How receipt OCR actually works
Modern receipt scanning uses a pipeline of machine learning models, not simple text recognition. Le, Pham, and Nguyen’s 2019 research on deep learning receipt recognition, presented at ICDAR, broke the process into distinct stages—each introducing potential accuracy loss:
1Image preprocessing
Correct rotation, skew, and lighting. Poor preprocessing cascades errors through every subsequent step.
2Text detection
Locate text regions on the receipt. Thermal paper degradation, wrinkles, and shadows complicate detection.
3Character recognition
Convert detected regions into text. This is where “Margherita Pizza” becomes “Margherita Pizza” or “Margh3rita Pizra.”
4Field extraction
Classify text as item names, prices, tax, totals, or irrelevant information. This step determines whether the system understands the receipt’s structure.

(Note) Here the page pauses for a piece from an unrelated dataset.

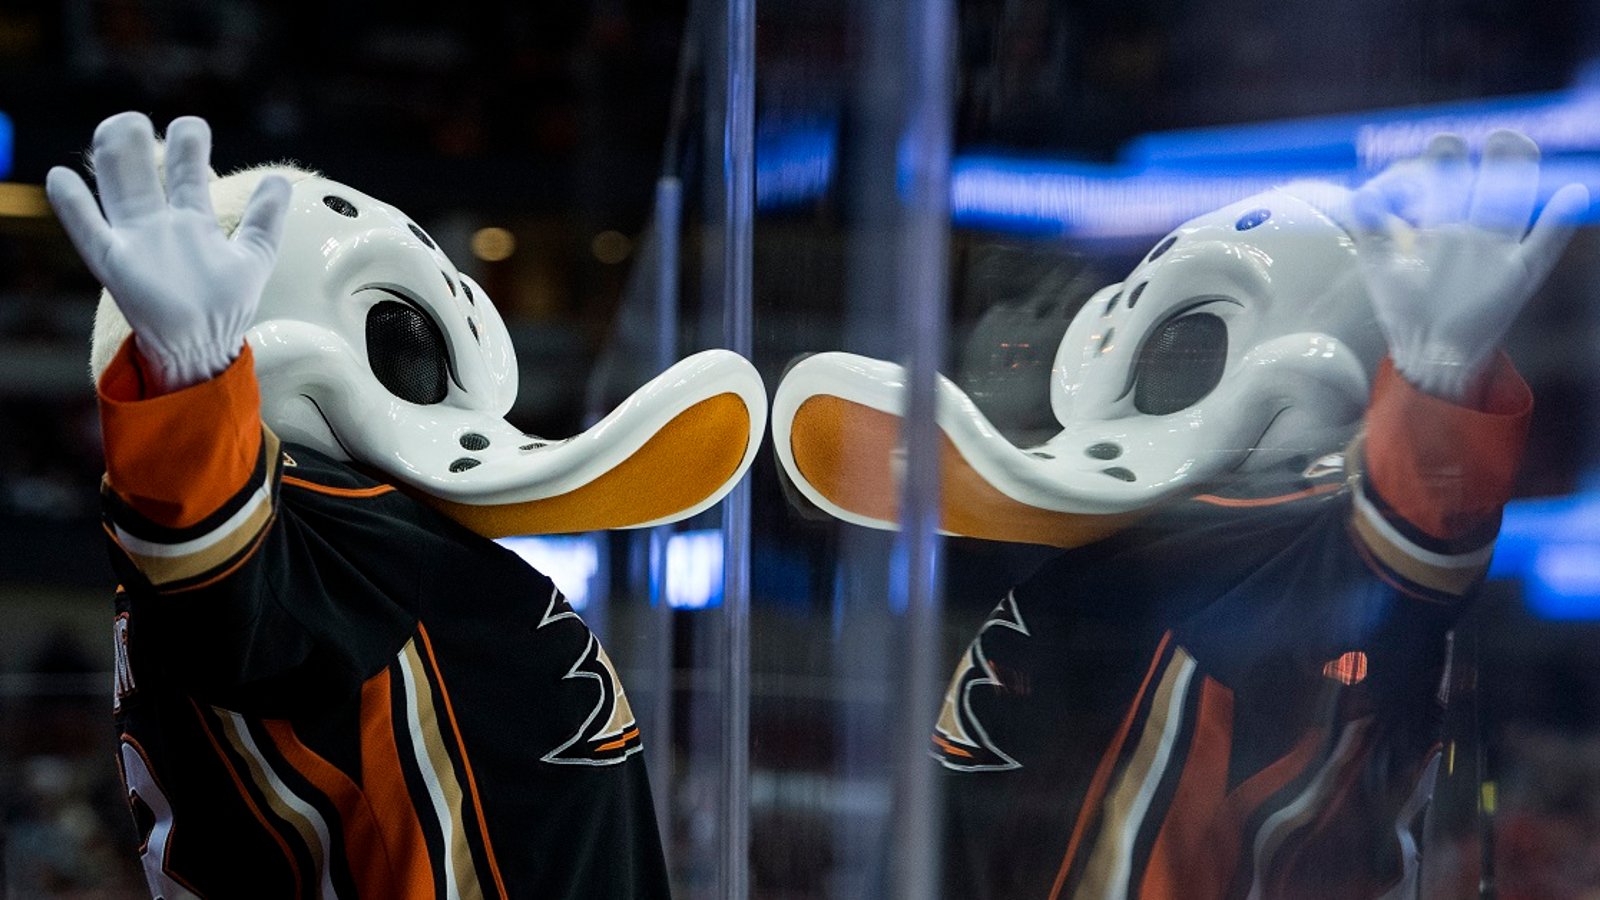 Which NHL Mascot is the best in the NHL?

The critical difference between receipt scanning implementations is how deep the pipeline goes. A system that stops at step 2 (text detection) gives you raw text. A system that completes all 4 steps gives you structured data: item names linked to prices, tax identified and separated, totals verified against line items.

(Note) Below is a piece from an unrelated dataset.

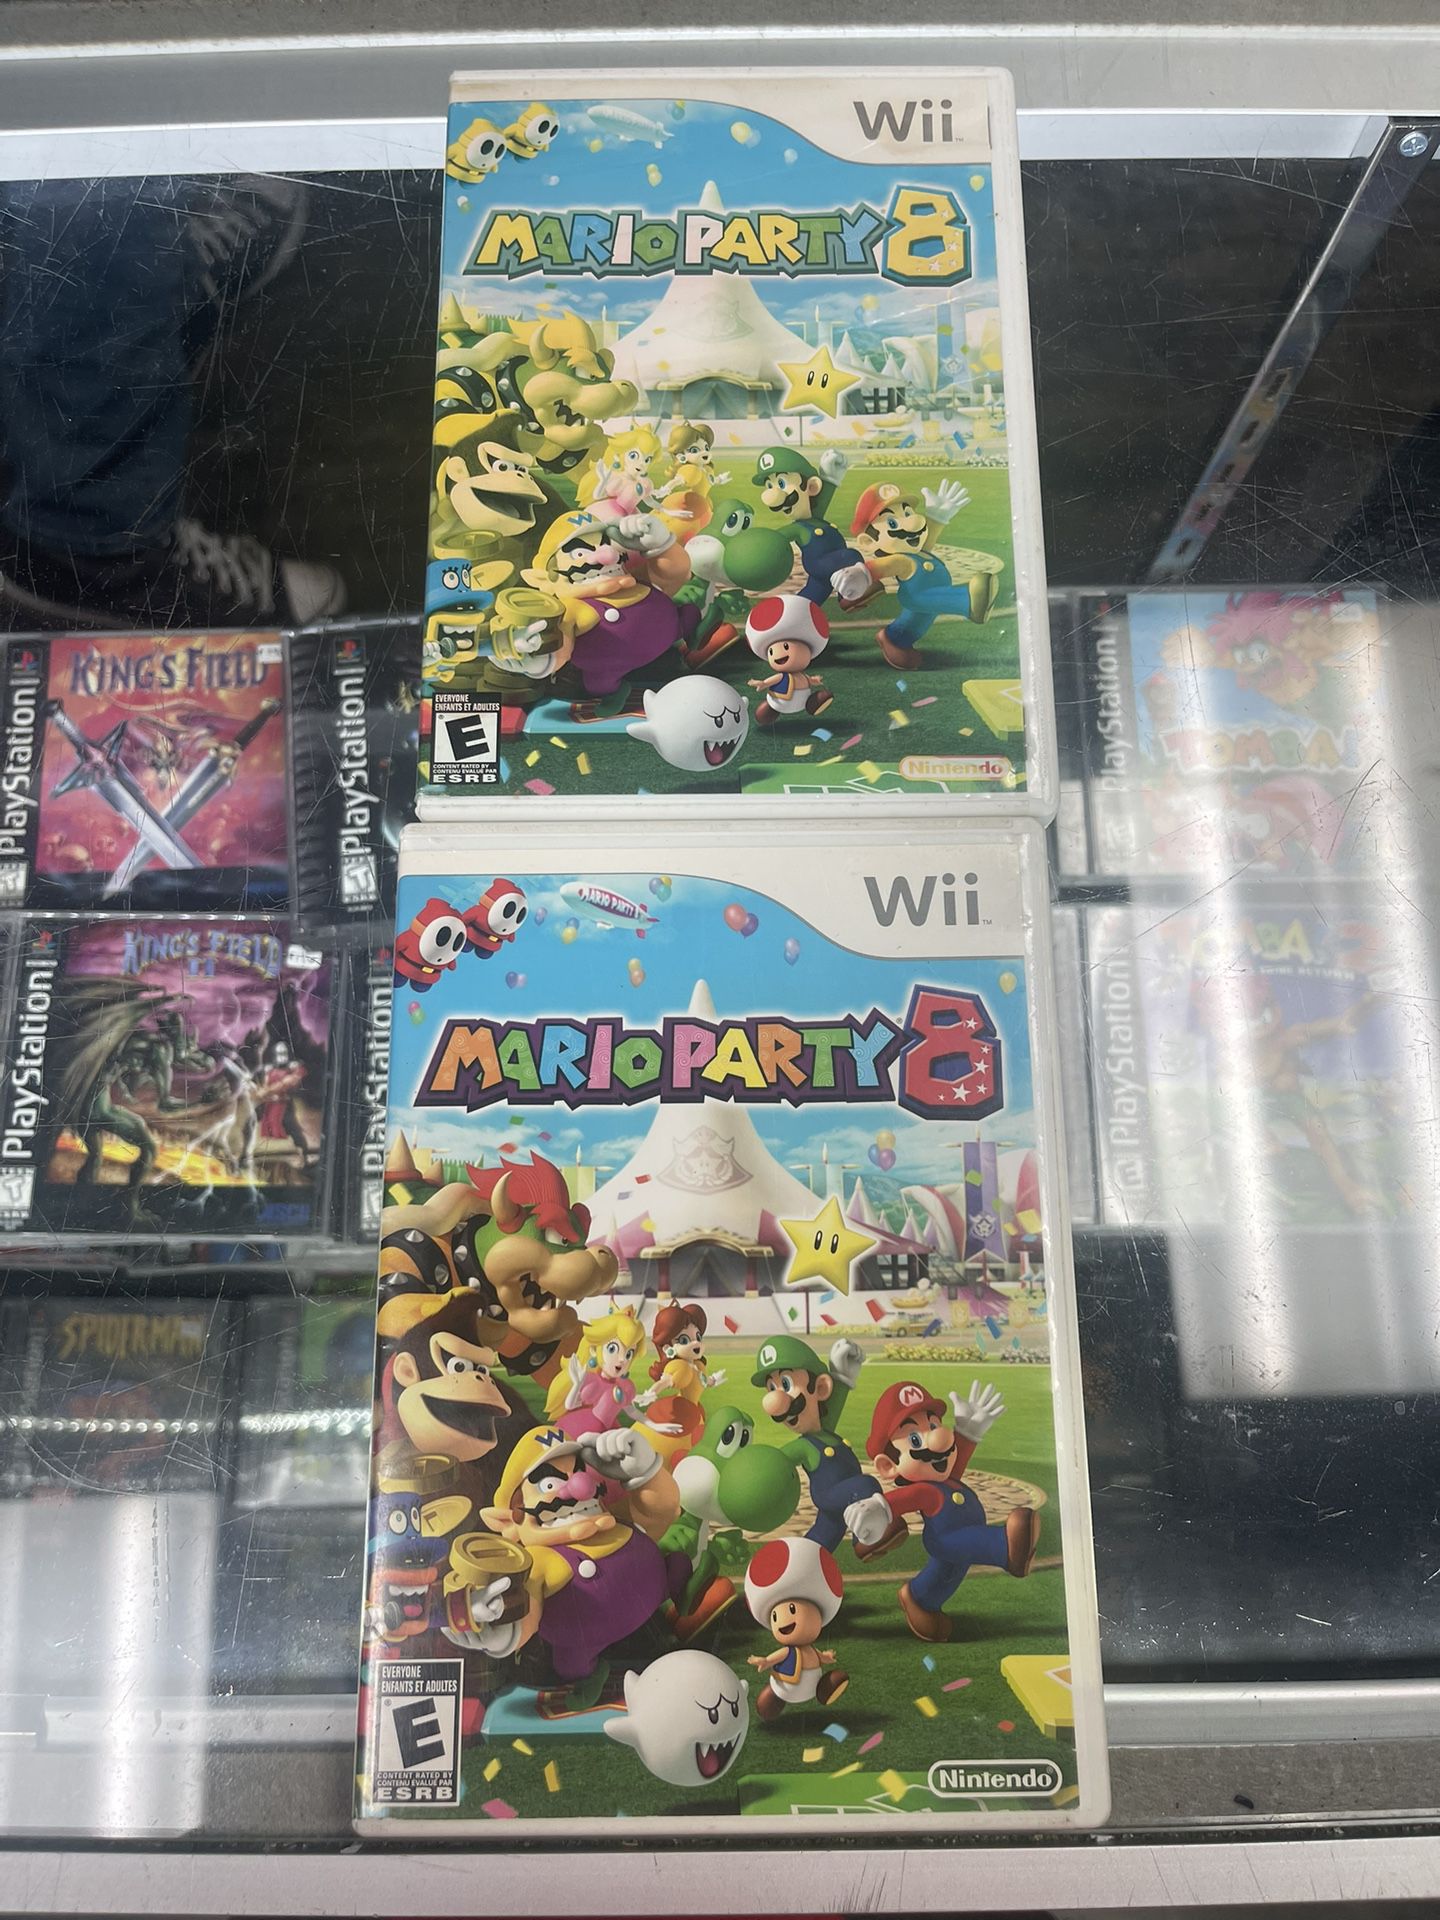 Mario Party 8 Wii $45-$50 Each Gamehogs 11am-7pm

splitty uses Azure AI Document Intelligence—a receipt-specialized model that performs all 4 pipeline stages. It extracts merchant name, individual line items with prices, tax amounts, tip, and totals as structured JSON. Splitwise’s scanner primarily captures the total amount, requiring manual itemization after the fact.
Source: Le, Pham & Nguyen, “Deep Learning Approach for Receipt Recognition,” ICDAR Workshops (2019).